REQUIRED ACTION = Apart from the pictures, every line below is to be set down exactly.

GIVEN DATA =
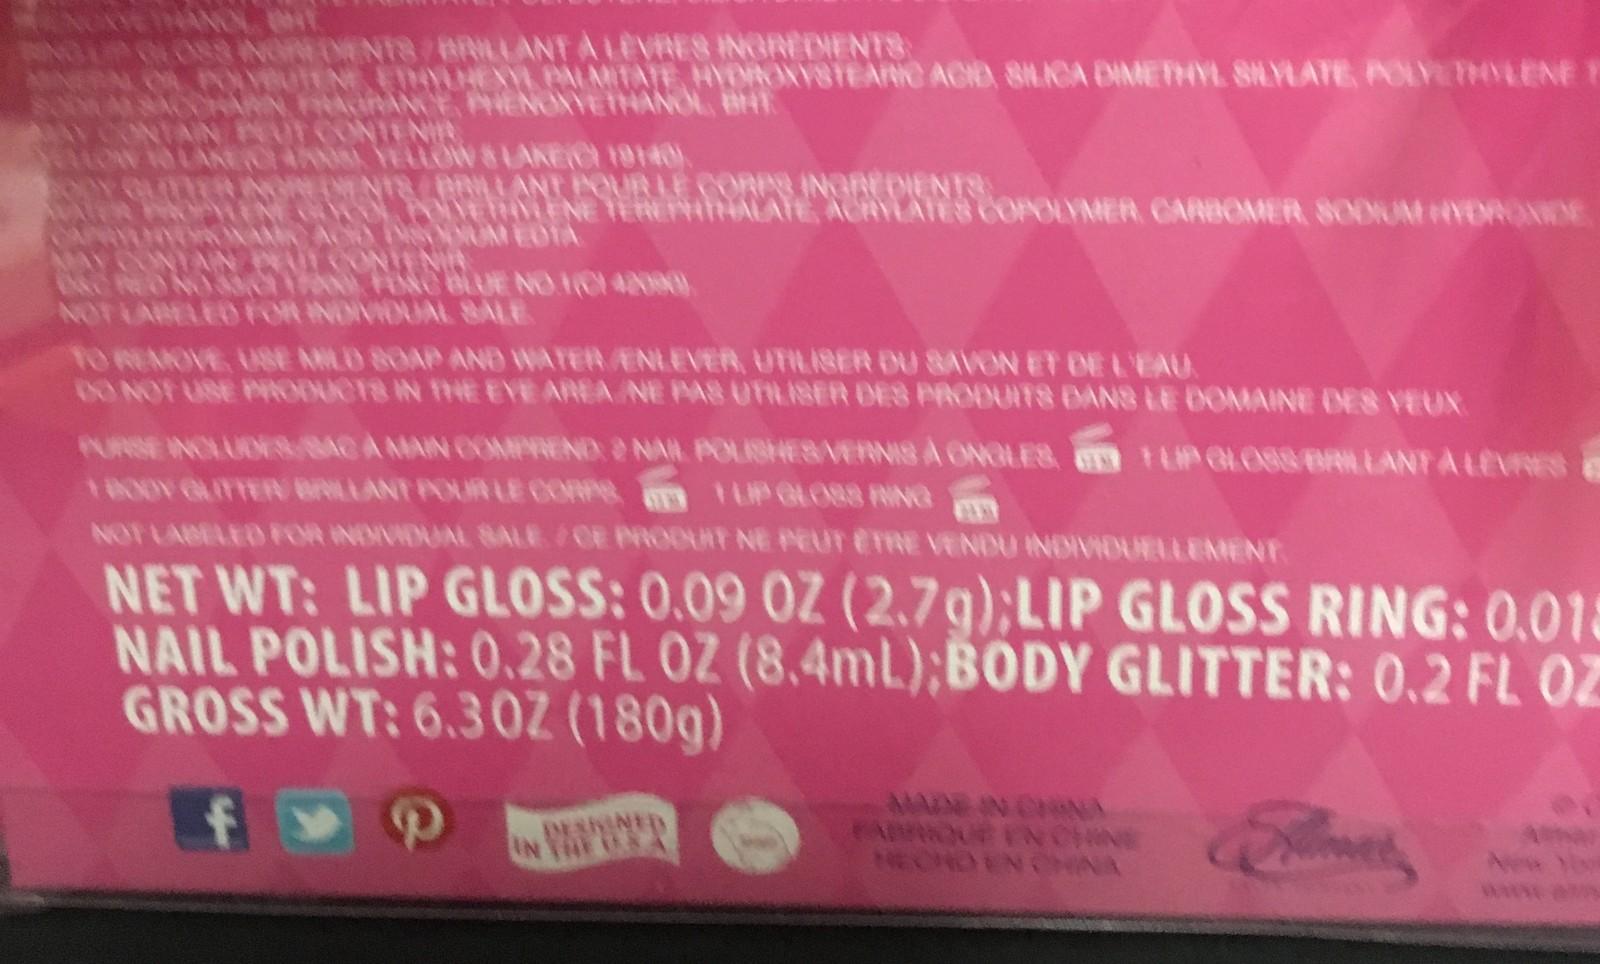 My Princess Academy Cosmetic Purse Ages 5+ Lip Gloss, Polish, Body Glitter
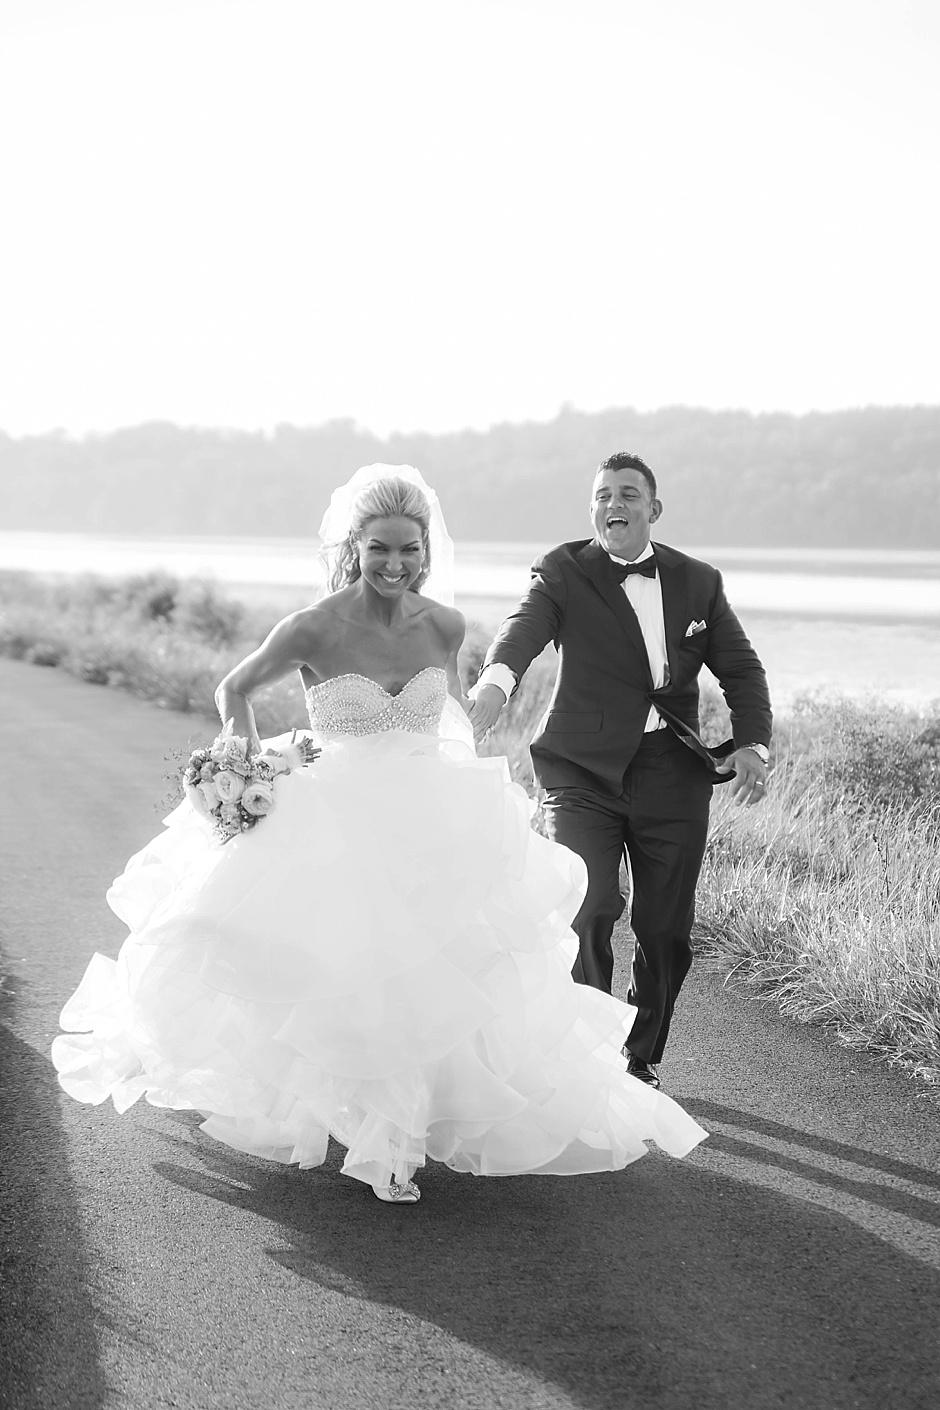 Makenna + Brandon Wedding_M Harris Studios_1125.jpg
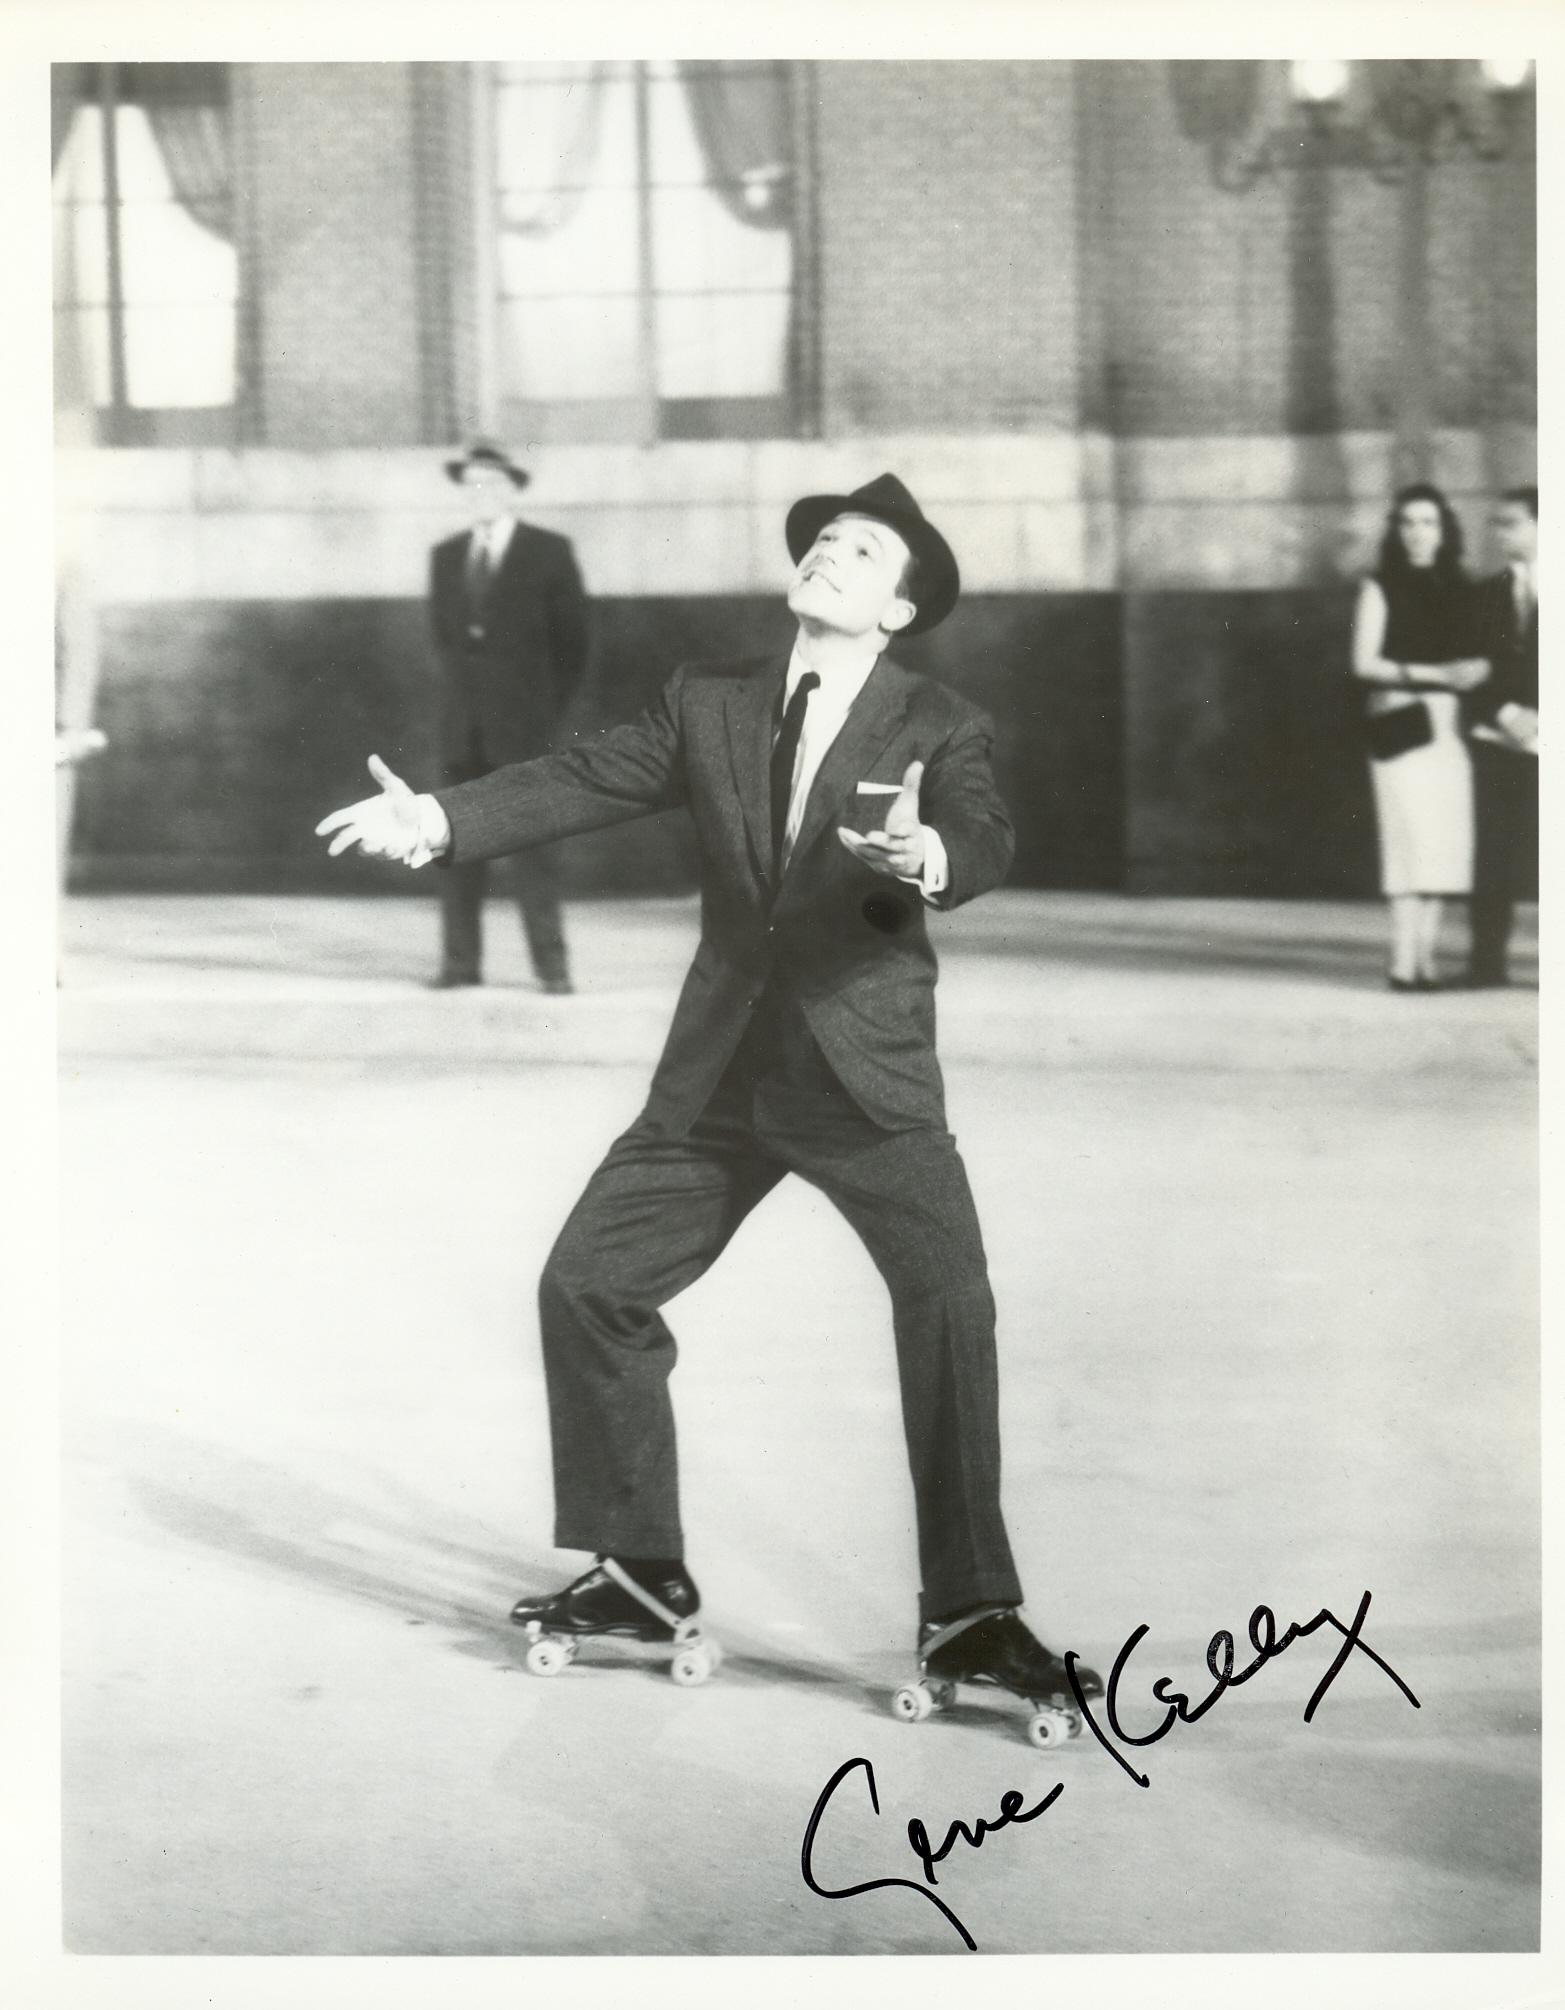 KELLY GENE: (1912-1996) American Dancer

WRITTEN RESPONSE =
 My Princess Academy Cosmetic Purse Ages 5+ Lip Gloss, Polish, Body Glitter
 Makenna + Brandon Wedding_M Harris Studios_1125.jpg
 KELLY GENE: (1912-1996) American Dancer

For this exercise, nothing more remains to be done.